Image from: http://news.nationalgeographic.com/news/2011/03/110311-tsunami-facts-japan-earthquake-hawaii/
The worst is yet to come. This was what came to my mind when I read news about Japan this morning. Massive earthquake, tsunami, nuclear crisis, ... I dare not to continue... I know this is not the time to think about myself, but the question "Where is God?" just continues to disturb and haunt me as a believer in God. So, I decided to find out how other Christians had tried to deal with this disturbing question. I then came across an insightful article written by Miroslav Volf in his recent book Against the Tide. It is entitled I Protest, Therefore I believe. It was originally written shortly after Aceh, Indonesia, was struck by tsunami in 2004. I'd like to share an excerpt from it:
[T]he very protest against God in the face of evil in fact presupposes God's existence. Why are we disturbed about the brute and blind force of tsunamis that snuff out people's lives - including those of children who were lured, as if by some sinister design, onto the beaches by fish left exposed in the shallows because the waters had retreated just before the tidal wave came? If the world is all there is, and the world with moving tectonic plates is a world in which we happen to live, what's there to complain about? We can mourn - we've lost something terrible dear. But we can't really complain, and we certainly can't legitimately protest.To the question "Where was God during the tsunami?" Volf replies,
The expectation that the world should be a hospitable place, with no devastating mishaps, is tied to the belief that the world ought to be constituted in a certain way. And that belief - as distinct from the belief that the world just is what it is - is itself tied to the notion of a creator. And that bring us to God. It is God who makes possible our protest that there is evil in the world. And it is God against whom we protest. God is both the ground of the protest and its target. Almost paradoxically, we protest with God against God. How can I believe in God when tsunamis strike? I protest, and therefore I believe.

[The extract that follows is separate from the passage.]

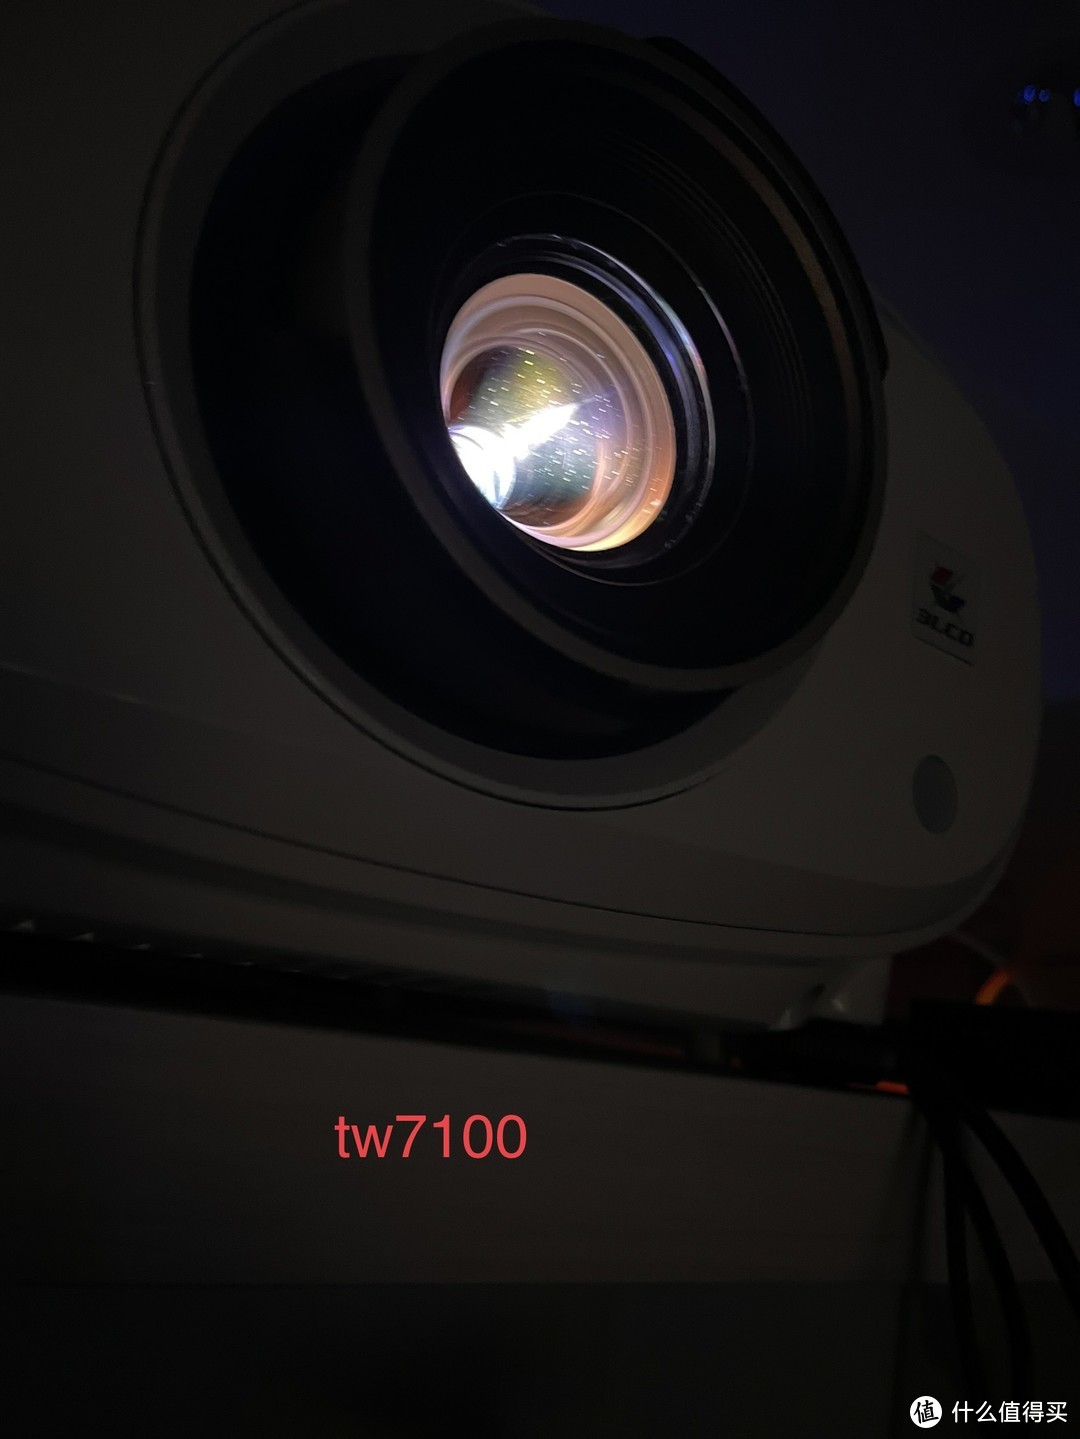 7100.的镜头镀膜偏红

Just as God was in some mysterious way in the Crucified One, God was in the midst of the tsunami carnage, listening to every sigh, collecting every tear, resonating with the trembling of each fear-stricken heart. And just as God was in the Resurrected One, so God was in each helping hand, in each decision to sacrifice one's own life so that another could live. God suffered and God helped.Check this website to see some options on how you may suffer with and help the people of Japan. Kyrie eleison, Christe eleison, Kyrie eleison...
I know that, at the same time, God was also seated on God's heavenly throne. Why did the omnipotent and loving One not do something about the tsunami before it struck? I don't know. If I knew, I could justify God. But I can't. That's why I am still disturbed by the God to whom I am so immensely attracted and who won't let go of me.